In 1956, two demonstration sports were allowed: a sport from the host nation and a foreign sport—Australian rules football and baseball respectively. Rather than the tournaments that would be played at future Games while still a demonstration sport, a single match was played against a team representing the United States selected from the U.S. Far East Command, on 1 December 1956, at the Melbourne Cricket Ground.

Though many of the 114,000 people who attended were believed to be attending in anticipation of the athletics events to be held that afternoon, until an exhibition game played at the Los Angeles Memorial Coliseum in 2008 between the Los Angeles Dodgers and the Boston Red Sox, it had the largest attendance for a baseball game ever. Even with this distinctive home-ground advantage, the Australians were unable to win, losing 11–5 in six innings.

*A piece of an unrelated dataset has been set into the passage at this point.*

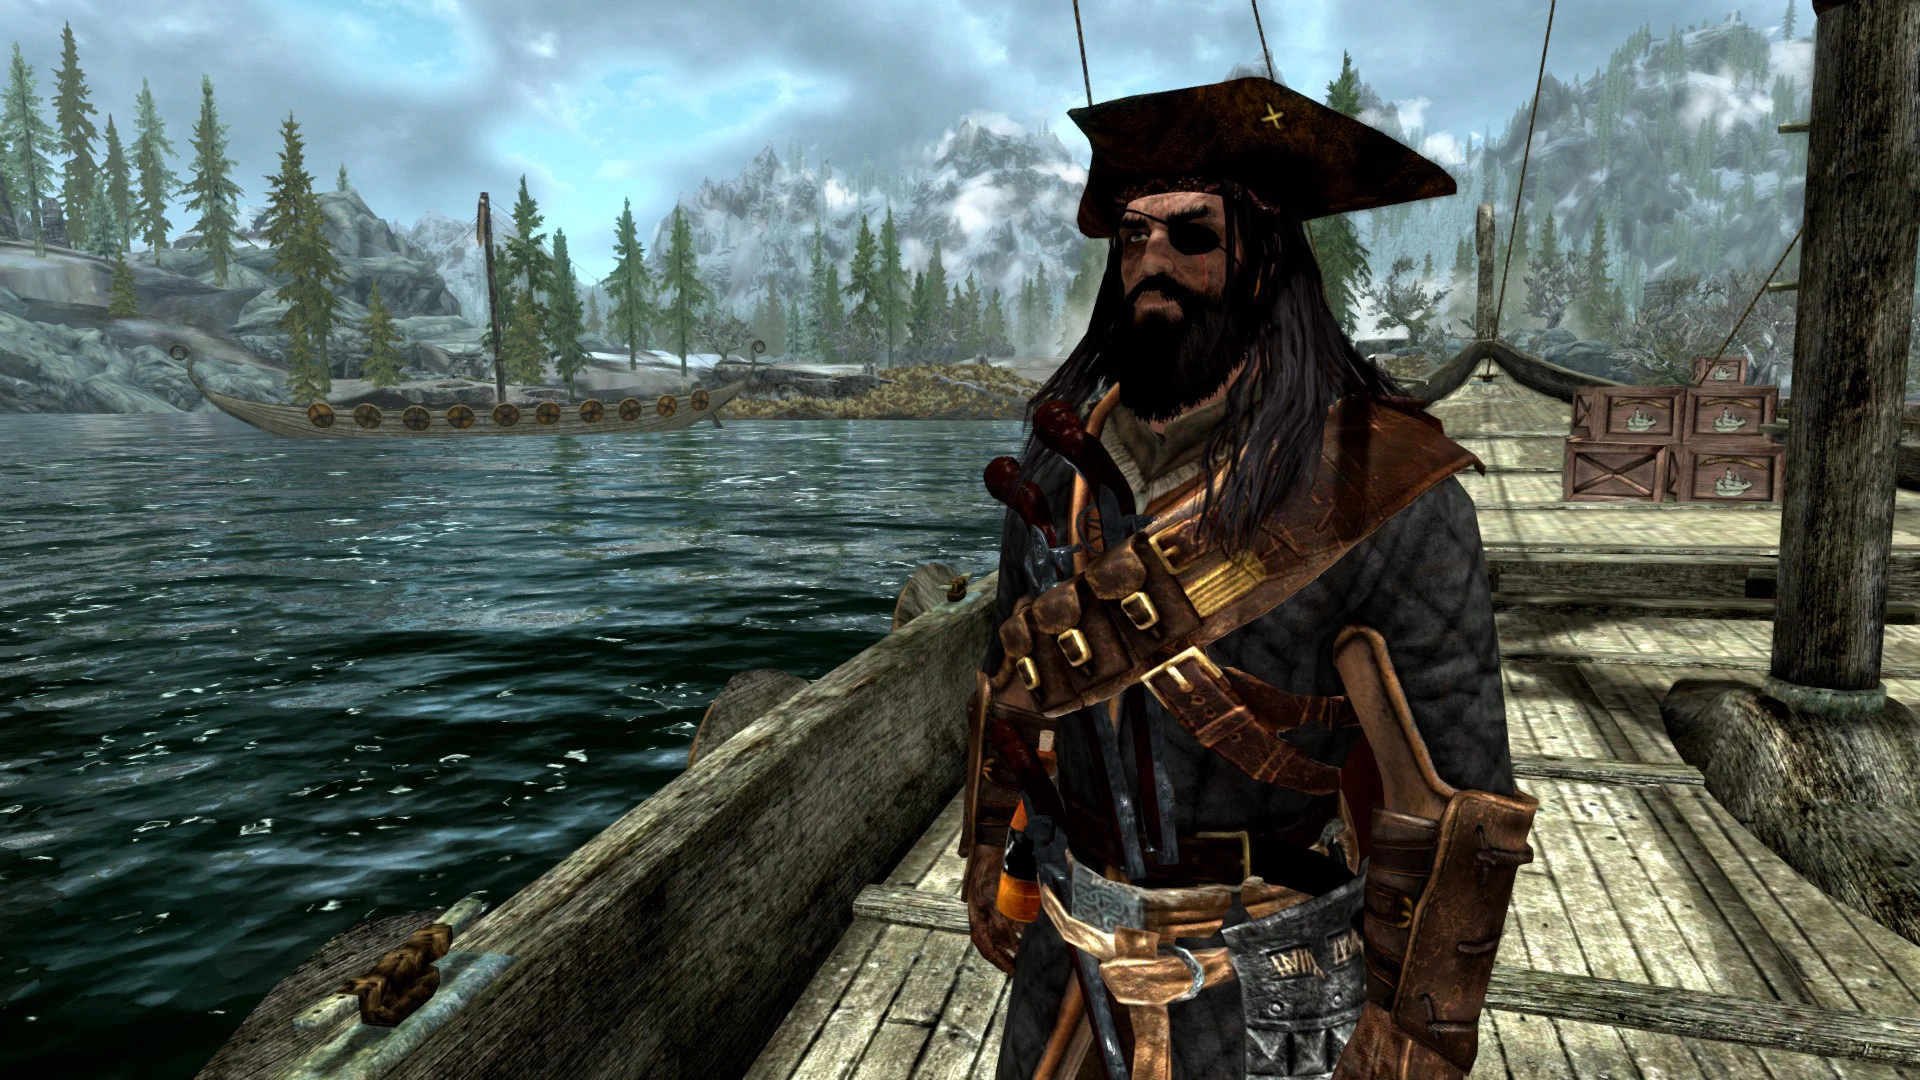 pirates of the caribbean skyrim special edition mod

1 December 12:30 (UTC+11) at Melbourne Cricket Ground
| Team | 1 | 2 | 3 | 4 | 5 | 6 | R |
| United States | 2 | 0 | 4 | 0 | 2 | 3 | 11 |
| Australia | 0 | 1 | 0 | 0 | 1 | 3 | 5 |
Home runs: : Vane Sutton (1) : Norman White (1) Attendance: 114,000 Boxscore

== Seoul, 1988 ==

1988 was the last time that baseball was included as an Olympic sport without medal status, and was the second time that Australia participated at the Olympic level. Though not originally included in the eight team tournament, Australia joined Canada, Chinese Taipei, Japan, the Netherlands, Puerto Rico, South Korea and the United States after Cuba chose to boycott the Games. Australia was pooled with Canada, South Korea and the United States, but failed to qualify for the finals.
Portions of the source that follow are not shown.